Input for this task:
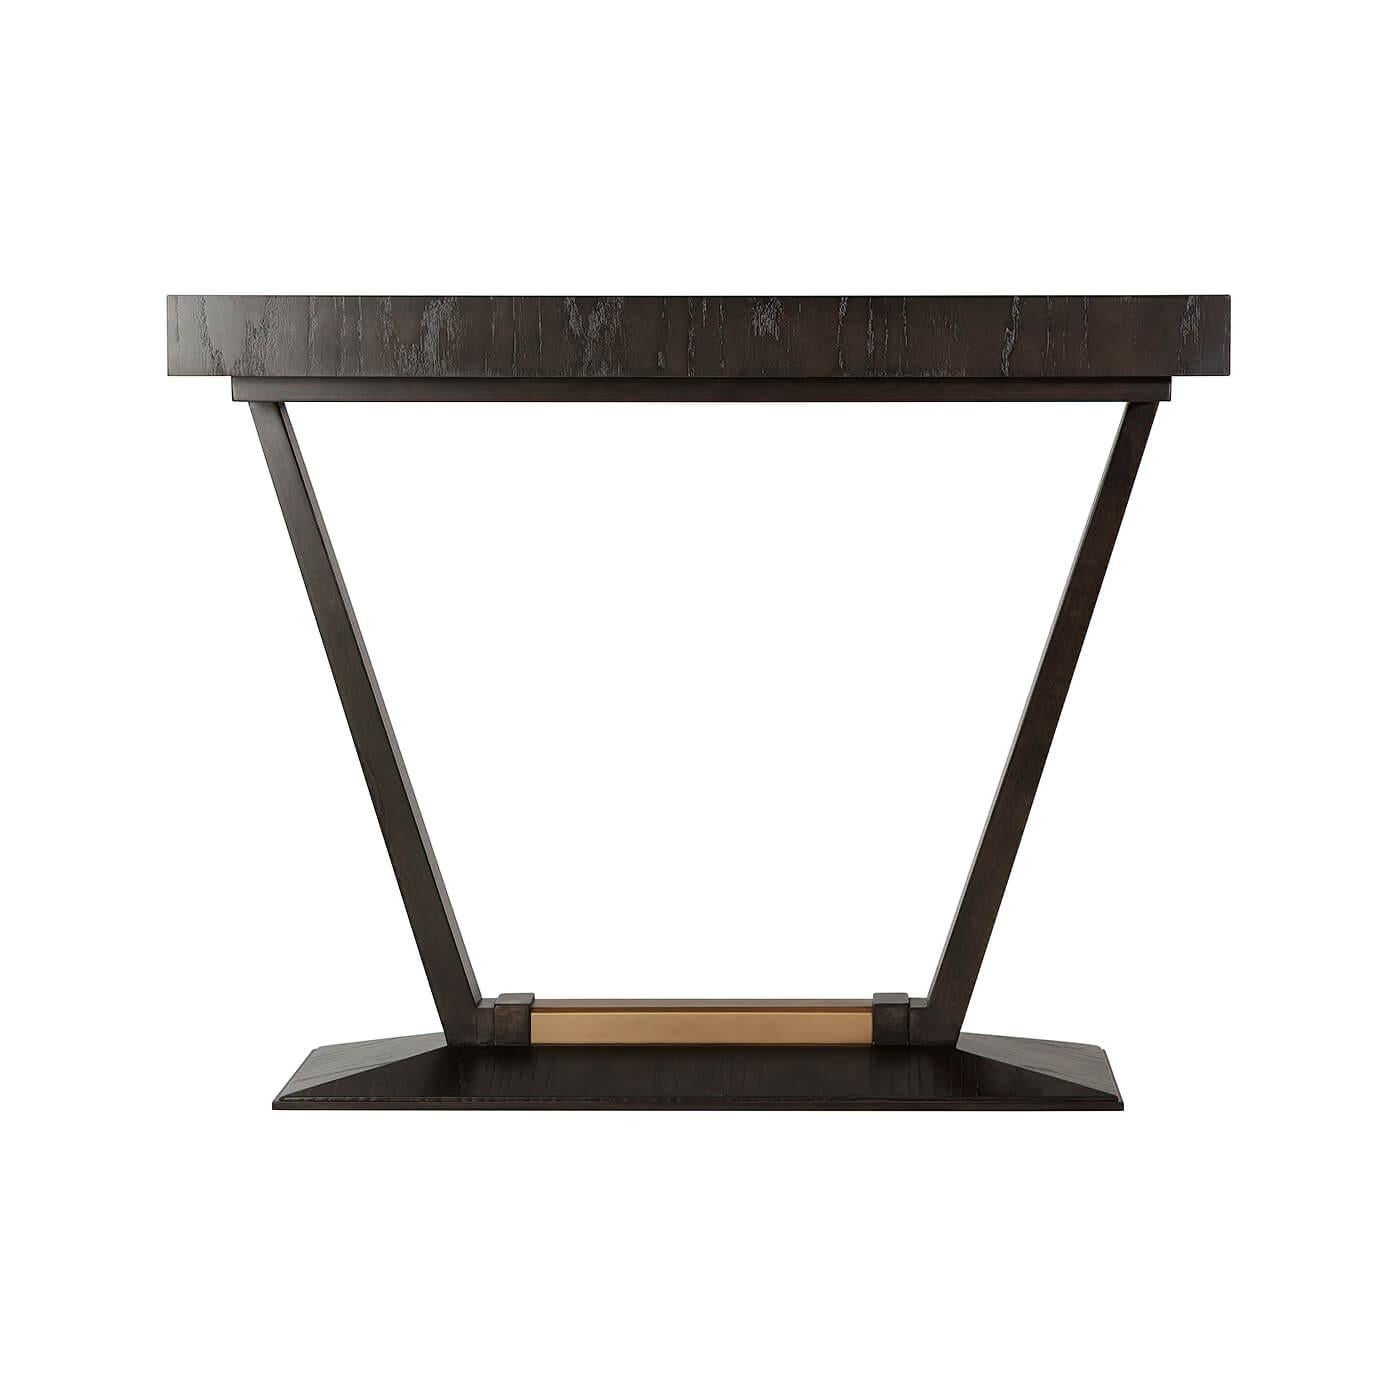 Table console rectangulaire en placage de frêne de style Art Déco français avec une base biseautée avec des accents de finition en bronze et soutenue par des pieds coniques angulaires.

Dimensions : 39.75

* * *

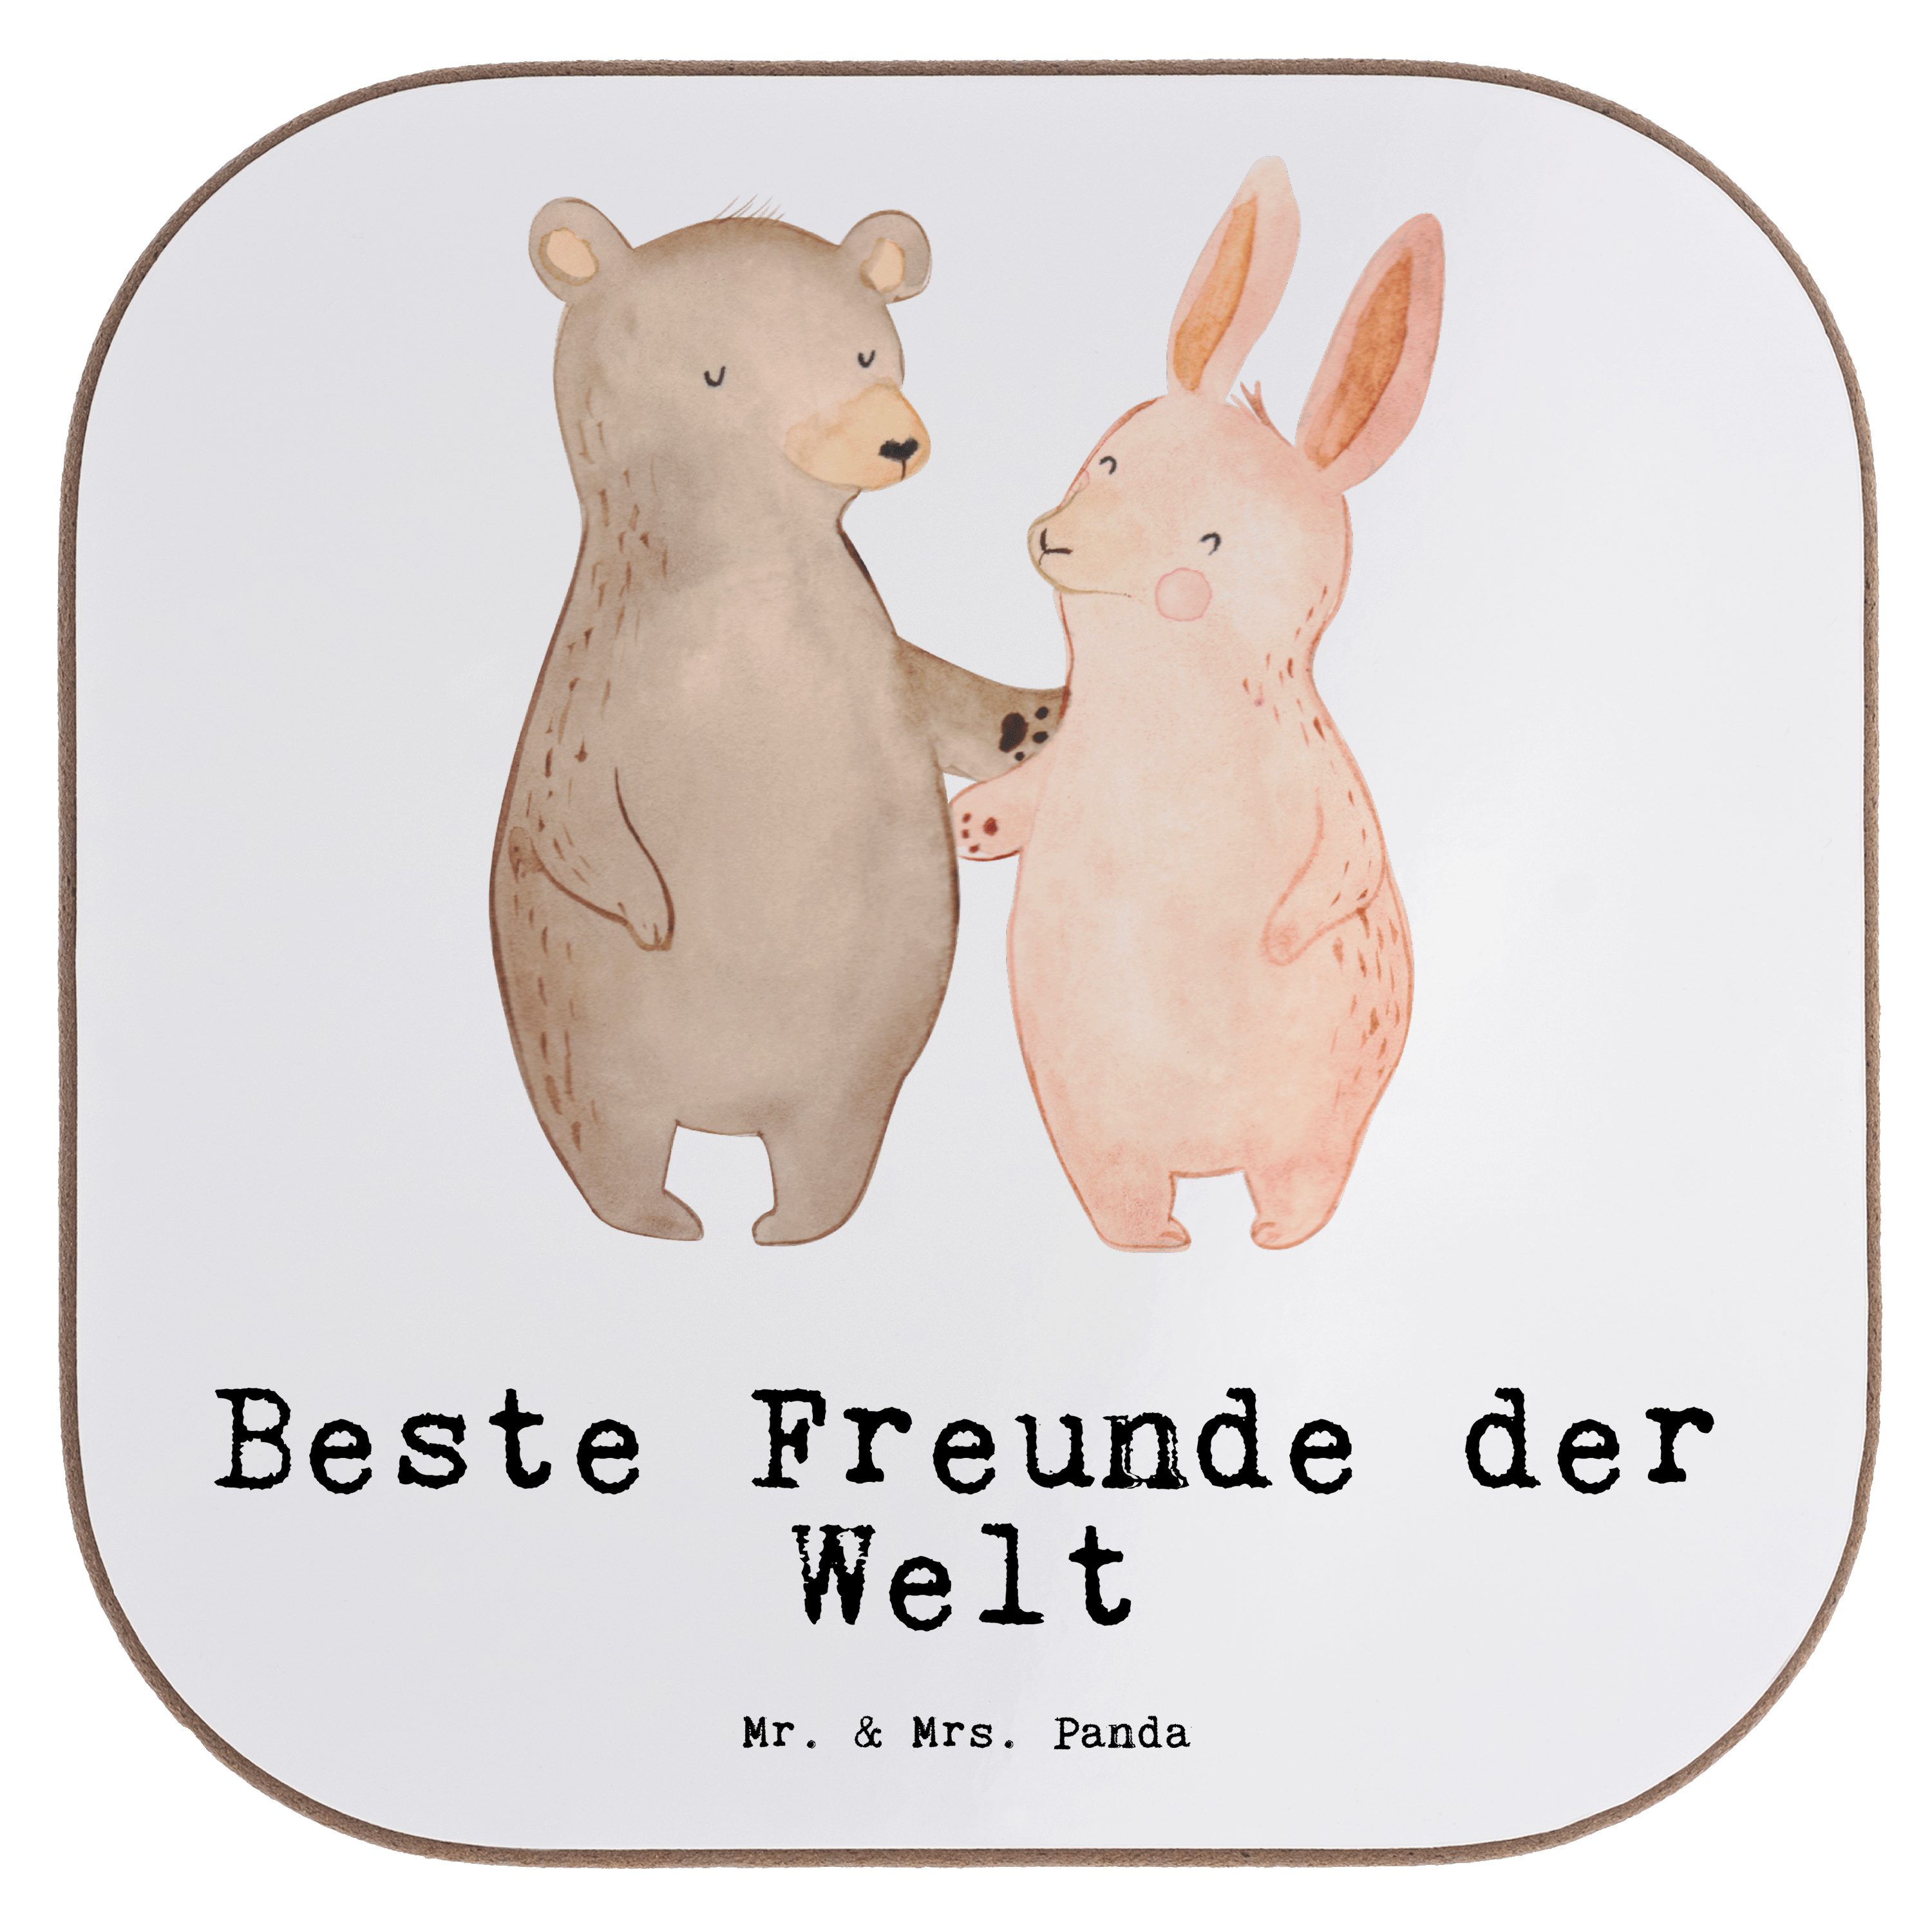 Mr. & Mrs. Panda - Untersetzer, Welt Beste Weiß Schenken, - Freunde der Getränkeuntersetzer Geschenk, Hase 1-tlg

Action item:
What you write out is the stretch of entries from the line containing "Table console rectangulaire" to the line containing "Dimensions : 39.75", word for word, with both end lines and no pictures.

Your response:
 Table console rectangulaire en placage de frêne de style Art Déco français avec une base biseautée avec des accents de finition en bronze et soutenue par des pieds coniques angulaires.

Dimensions : 39.75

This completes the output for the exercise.